Из ветреных детей выходят дюжинные люди: я не знаю более общего и более верного замечания, как это. Ничего нет труднее, как различить в ребенке действительную тупость от той наружной и обманчивой тупости, которая характеризует сильную душу. Сначала кажется странным, что эти две крайности отличаются столь сходными признаками, а между тем это так и должно быть; потому что в возрасте, когда у человека еще нет никаких истинных идей, вся разница между тем, у кого есть гений, и тем, у кого его нет, в том, что последний высказывает одни ложные идеи, а первый, находя их все такими, не высказывает никаких. Он походит, следовательно, на глупца тем, что тот ни на что не способен, а этому ничто не годится. Единственный признак, могущий отличить их, зависит от случая, который может дать последнему какую-нибудь идею, которую он может понять, тогда как первый всегда и везде одинаков. Молодой Катон, во время своего детства, казался дураком дома. Он был молчалив и упрям; вот все, что могли сказать о нем. Только в прихожей Силлы дяде пришлось узнать его. Не войди он в эту прихожую, он слыл бы может быть тупицей вплоть до разумных лет; не живи Цезарь, может быть этого самого Катона, который разгадал его пагубный гений и заранее предусмотрел все его намерения, считали бы мечтателем. Как ошибаются люди, которые так поспешно судят о детях! Часто люди эти – больше дети, чем сами дети. Я видел, уже довольно пожилым человека, слывшего в семье своей и среди друзей за ограниченную голову; необыкновенный ум этот зрел в тишине. Вдруг он высказался философом, и я не сомневаюсь, что потомки наши отведут ему почетное и видное место между самыми лучшими мыслителями и самыми глубокими метафизиками его века.[14]

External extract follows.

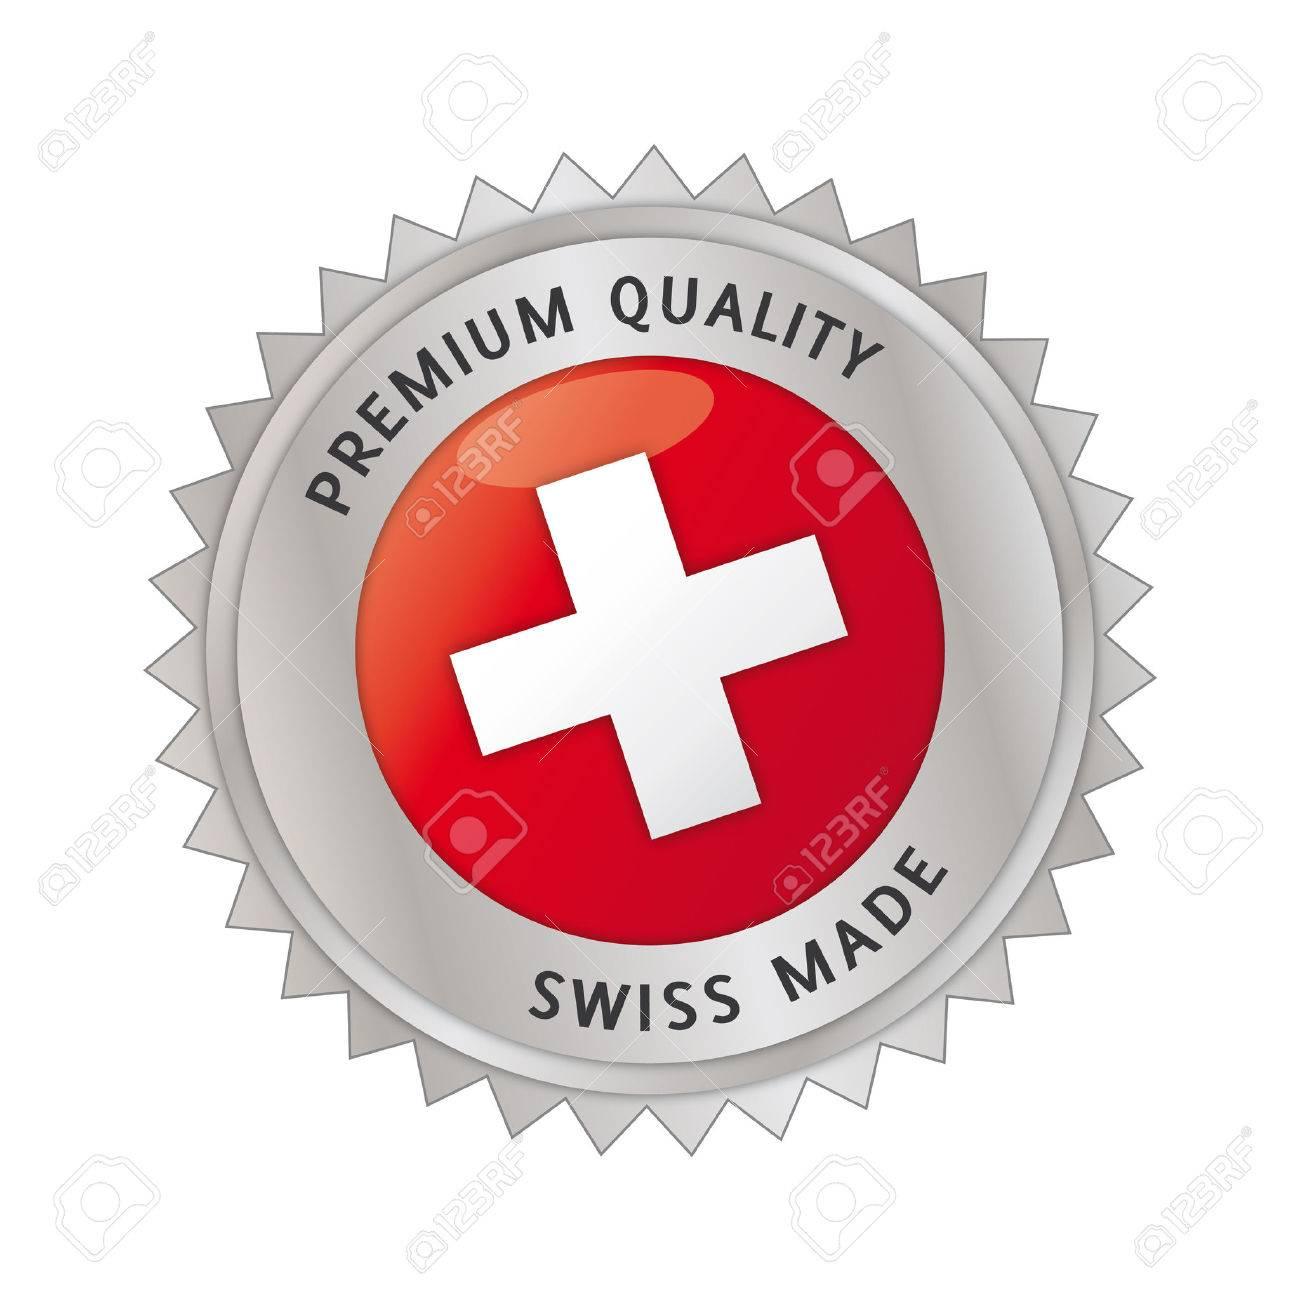 Risultati immagini per made in suisse

Уважайте детство и не спешите судить о нем ни в хорошую, ни в дурную сторону. Дайте исключениям выказаться, доказать себя и окончательно утвердиться, прежде чем примете во внимание к подобному исключению какую-нибудь особую методу. Предоставляйте действовать природе возможно дольше, прежде чем начнете действовать за нее из боязни, что дело ее не сделается. Вы знаете, говорите вы, цену времени и не хотите его терять. Да разве вы не видите, что при дурном употреблении пропадает его еще больше и что дурно выученный ребенок еще дальше от мудрости, чем тот, которого ничему не учили. Вы ужасаетесь, видя, что он проводит в бездействии свои первые года. Как, разве быть счастливым не стоит чего-нибудь? Разве прыгать, играть, бегать целый день не стоит чего-нибудь? Во всю свою жизнь не будет ребенок так занят. Платон в своей «Республике», которую считают такою суровою, воспитывает детей только среди праздников, игр, песен, забав; подумаешь, что, научив их веселиться, он научил их всему; а Сенека говорит о древней римской молодежи: «Она была всегда на ногах; ее ничему не учили такому, чему она должна была бы учиться сидя».[15] Разве она от этого была хуже, когда достигала возмужалости? Не бойтесь же мнимой праздности. Что сказали бы вы о человеке, который, чтобы не терять ни одной минуты жизни, вздумал бы отказаться от сна? Вы сказали бы: этот человек безумный; он не пользуется временем, а отнимает его у себя; избегая сна, он призывает смерть. Помните же, что здесь тоже самое, и что детство – сон разума.

Кажущаяся легкость ученья и бывает причиною гибели детей. Люди не видят, что самая легкость эта есть доказательство, что дети ничему не научаются. Мозг их гладкий и выполированный отражает, подобно зеркалу, подставляемые ему предметы; но ничто не остается, ничто не проникает. Ребенок запоминает слова, идеи отражаются; те, кто его слушают, понимают их, но ребенок ничего не понимает.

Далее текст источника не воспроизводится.